■ Available data ■
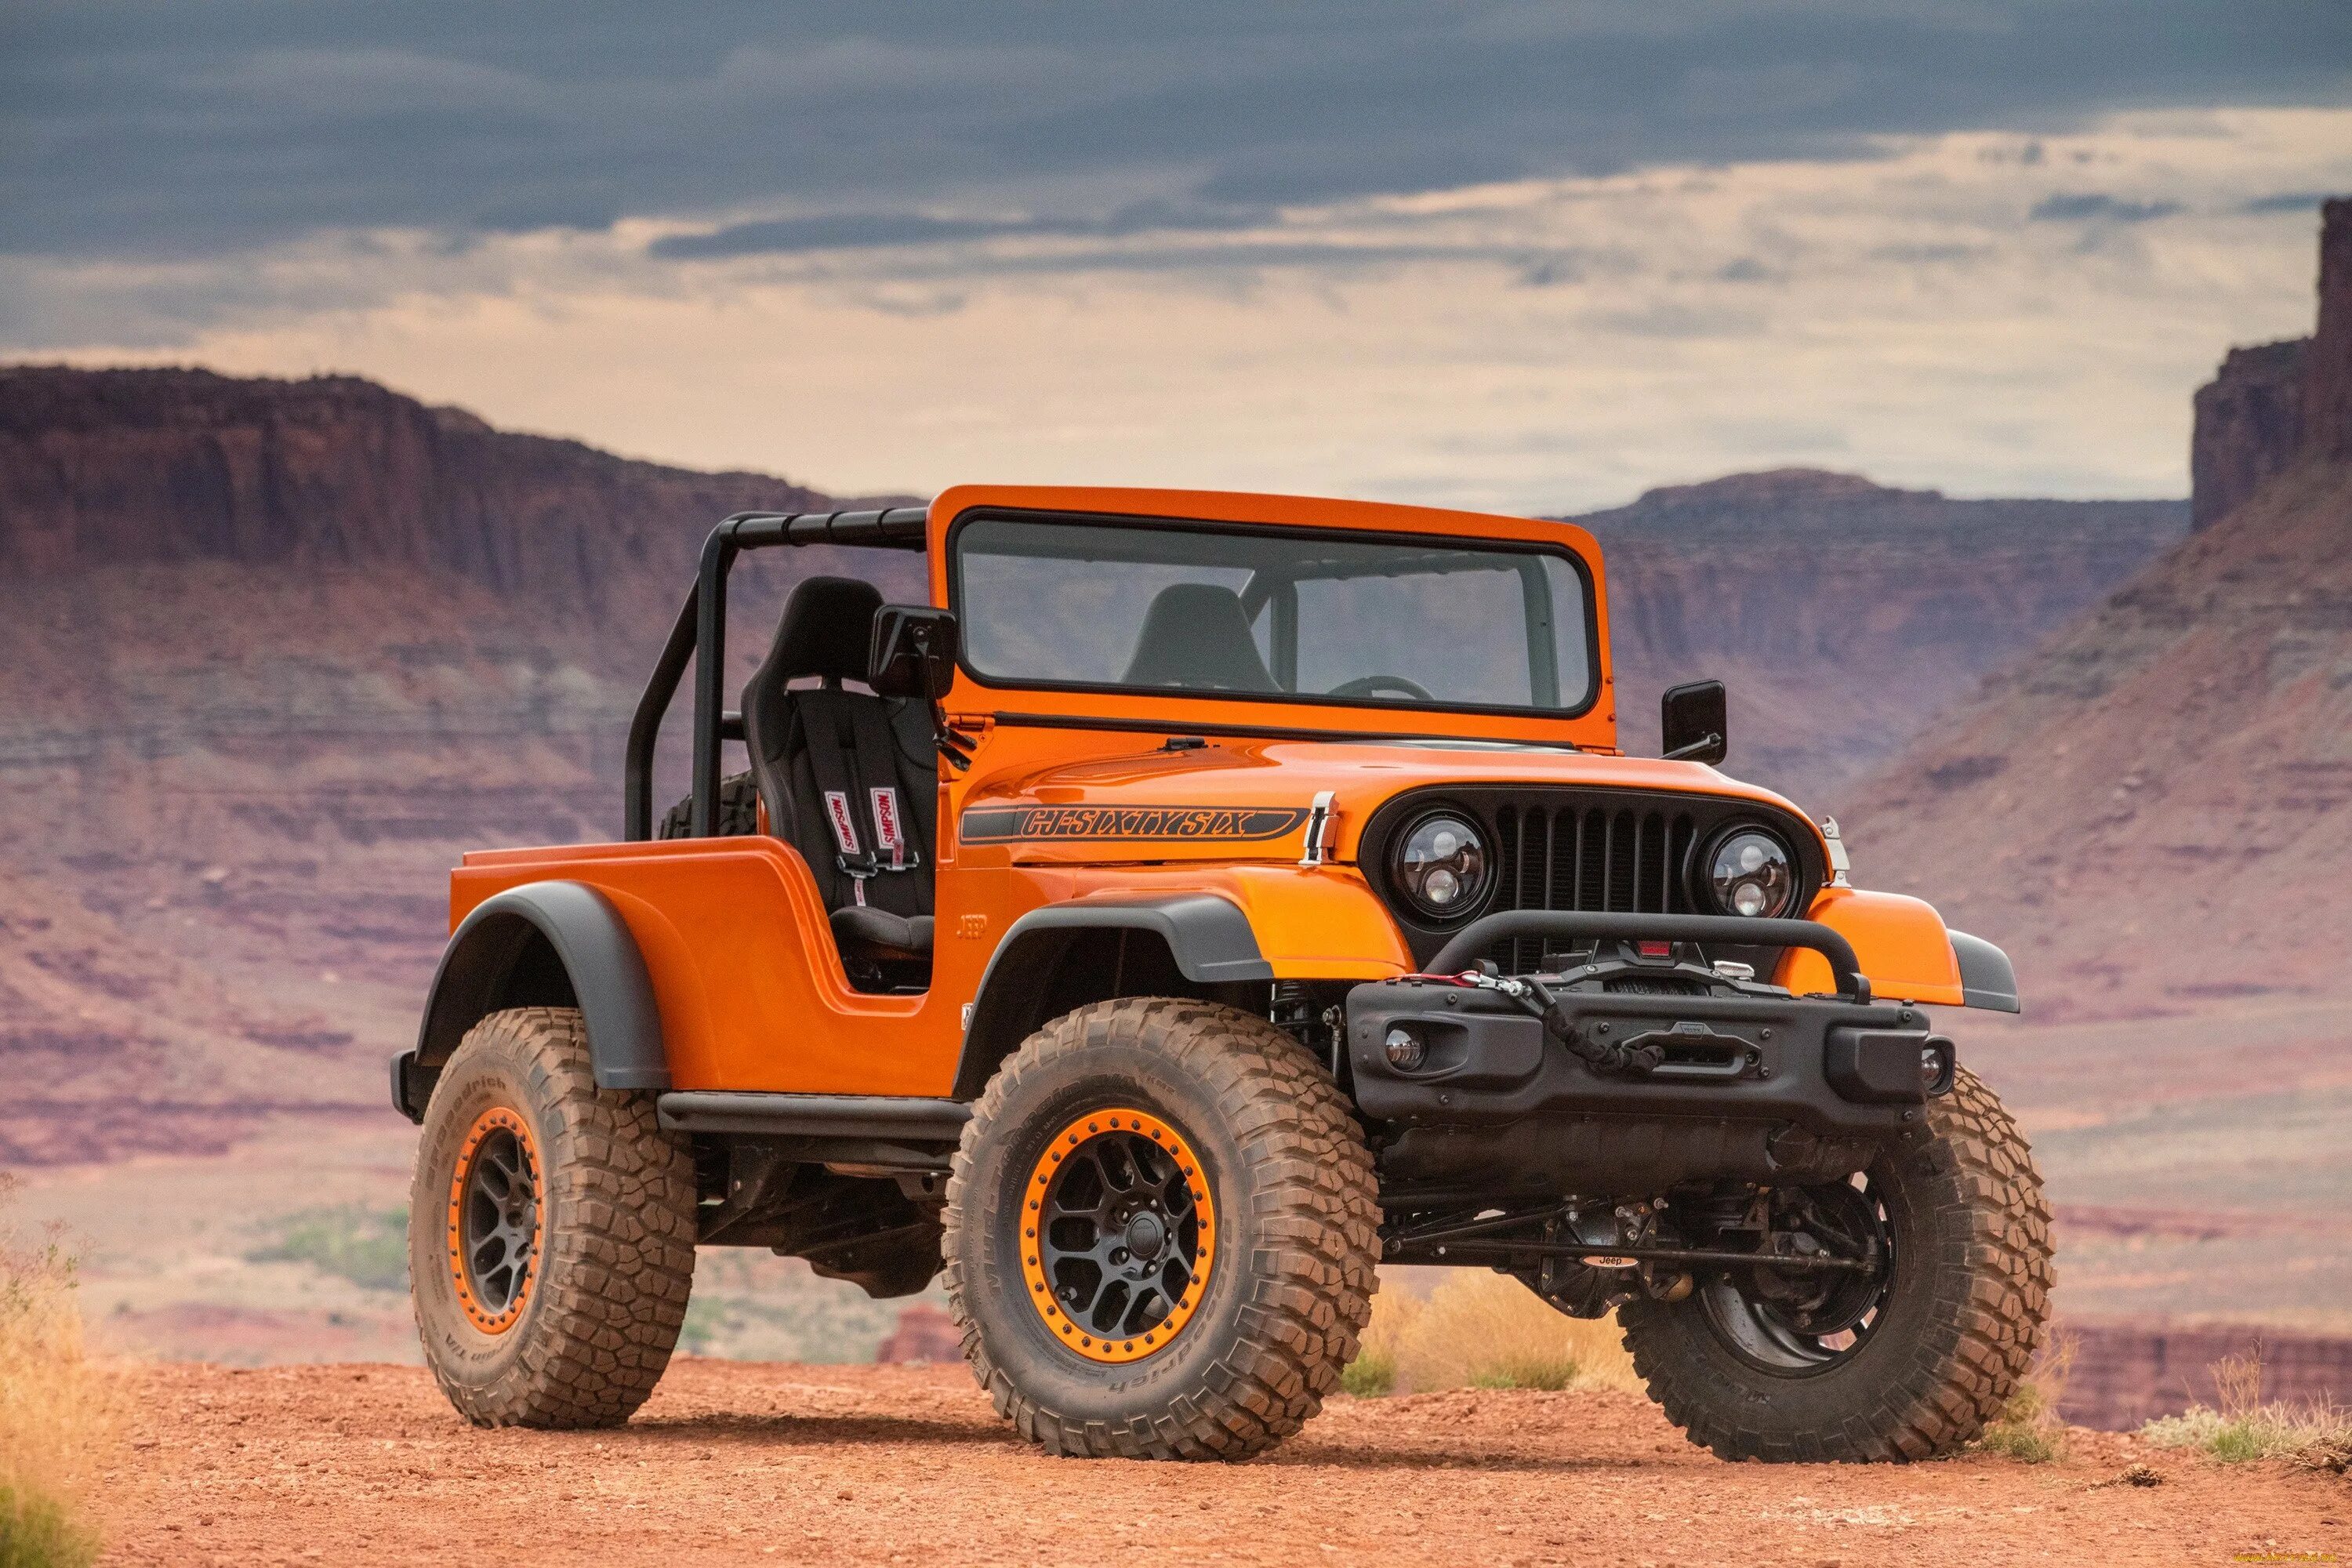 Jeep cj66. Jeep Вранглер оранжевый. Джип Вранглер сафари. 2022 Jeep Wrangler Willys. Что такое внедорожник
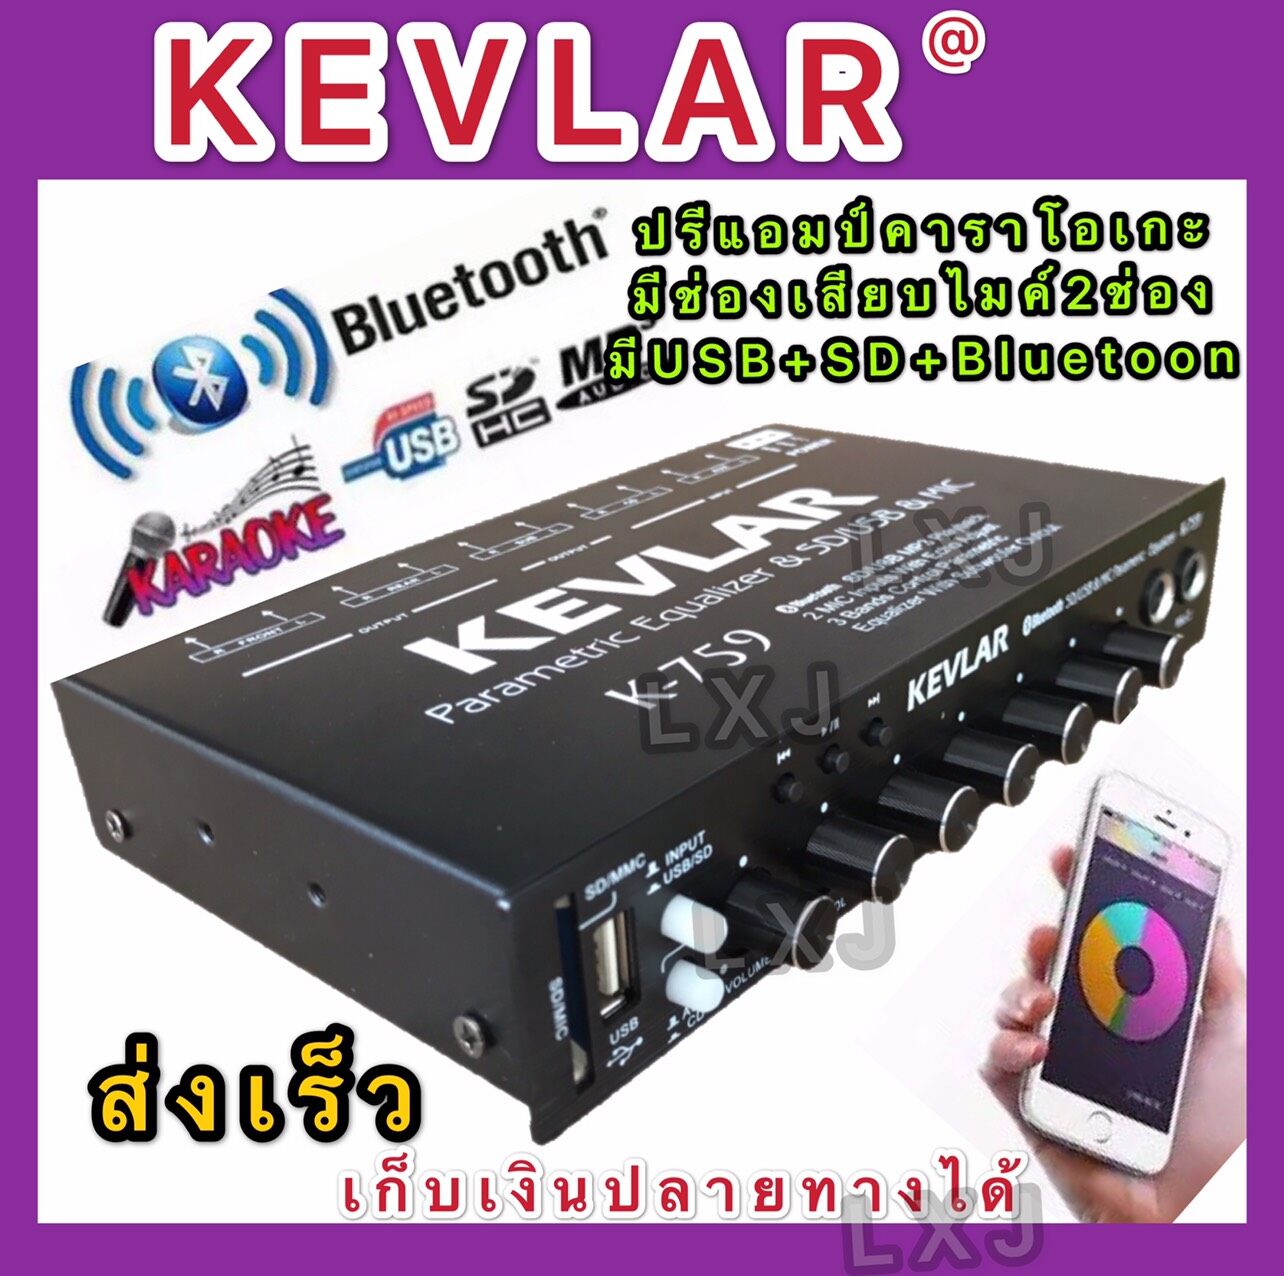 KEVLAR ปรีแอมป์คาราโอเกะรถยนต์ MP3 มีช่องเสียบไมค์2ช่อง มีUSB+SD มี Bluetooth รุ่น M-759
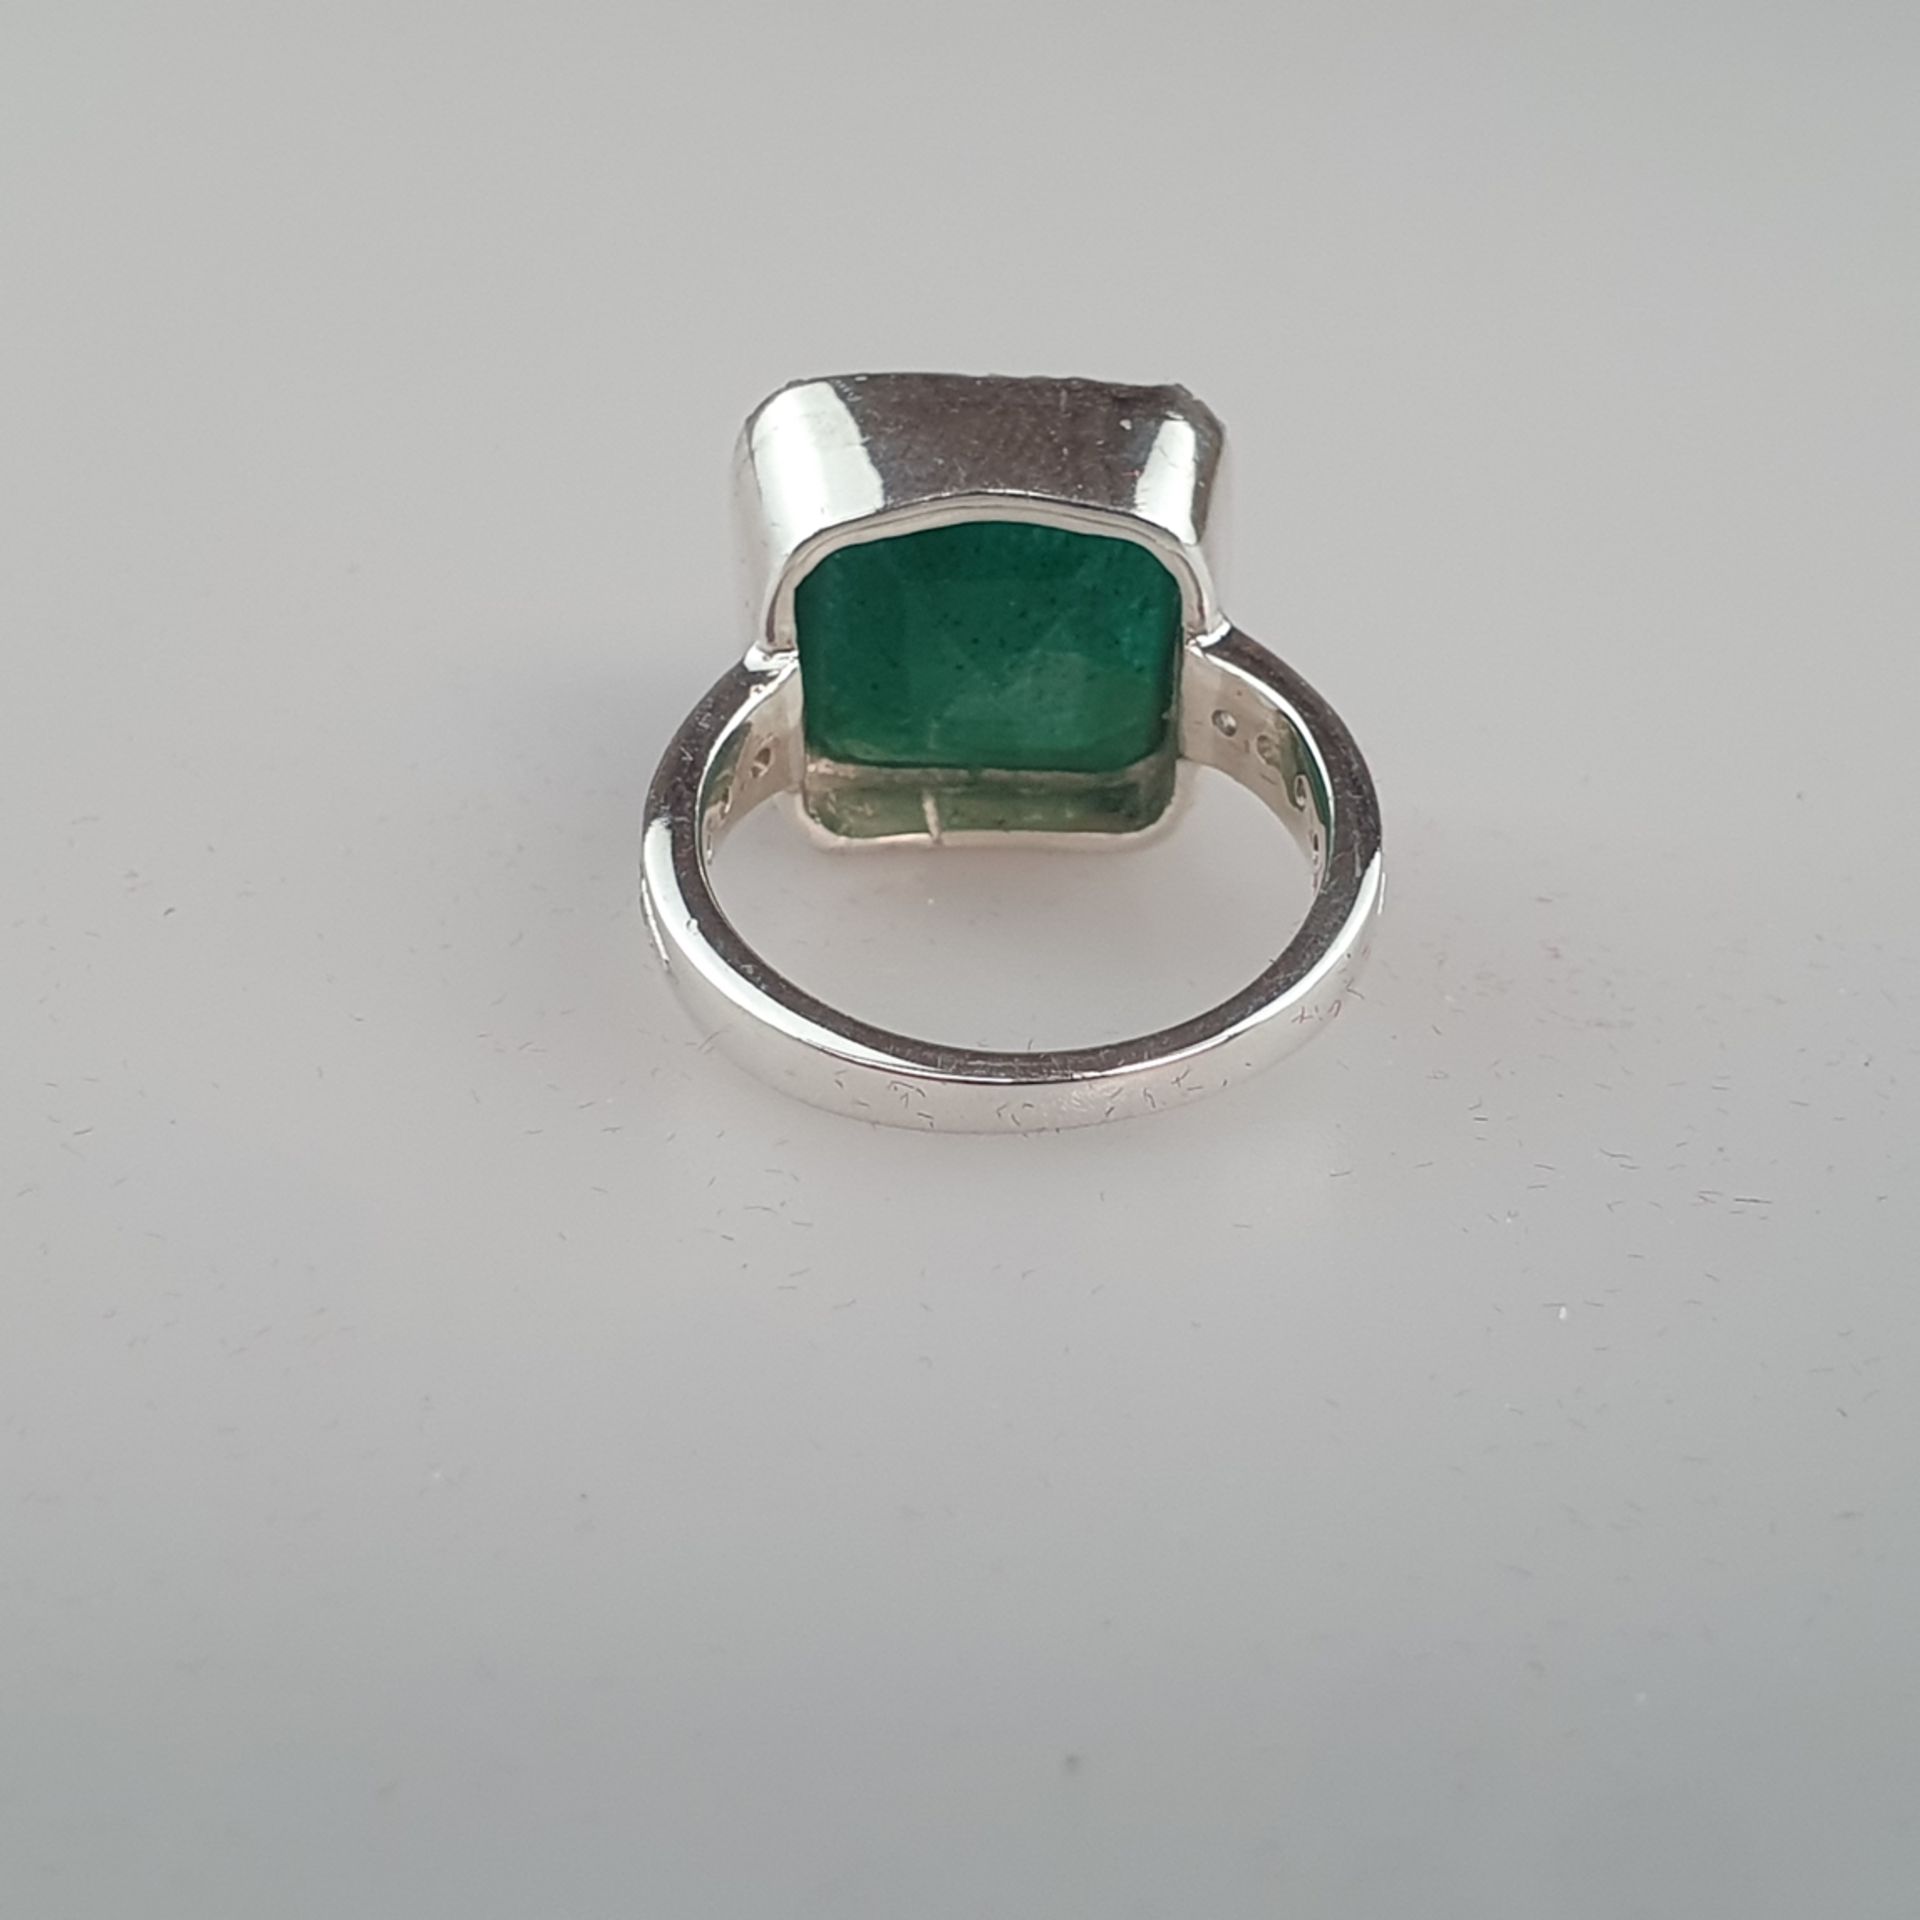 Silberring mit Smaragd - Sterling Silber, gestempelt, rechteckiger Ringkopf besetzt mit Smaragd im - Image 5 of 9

■ What the task requires ■
Transcribe each line of the material above verbatim, but do not include the images.

■ Expected answer ■
 Jeep cj66. Jeep Вранглер оранжевый. Джип Вранглер сафари. 2022 Jeep Wrangler Willys. Что такое внедорожник
 KEVLAR ปรีแอมป์คาราโอเกะรถยนต์ MP3 มีช่องเสียบไมค์2ช่อง มีUSB+SD มี Bluetooth รุ่น M-759
 Silberring mit Smaragd - Sterling Silber, gestempelt, rechteckiger Ringkopf besetzt mit Smaragd im - Image 5 of 9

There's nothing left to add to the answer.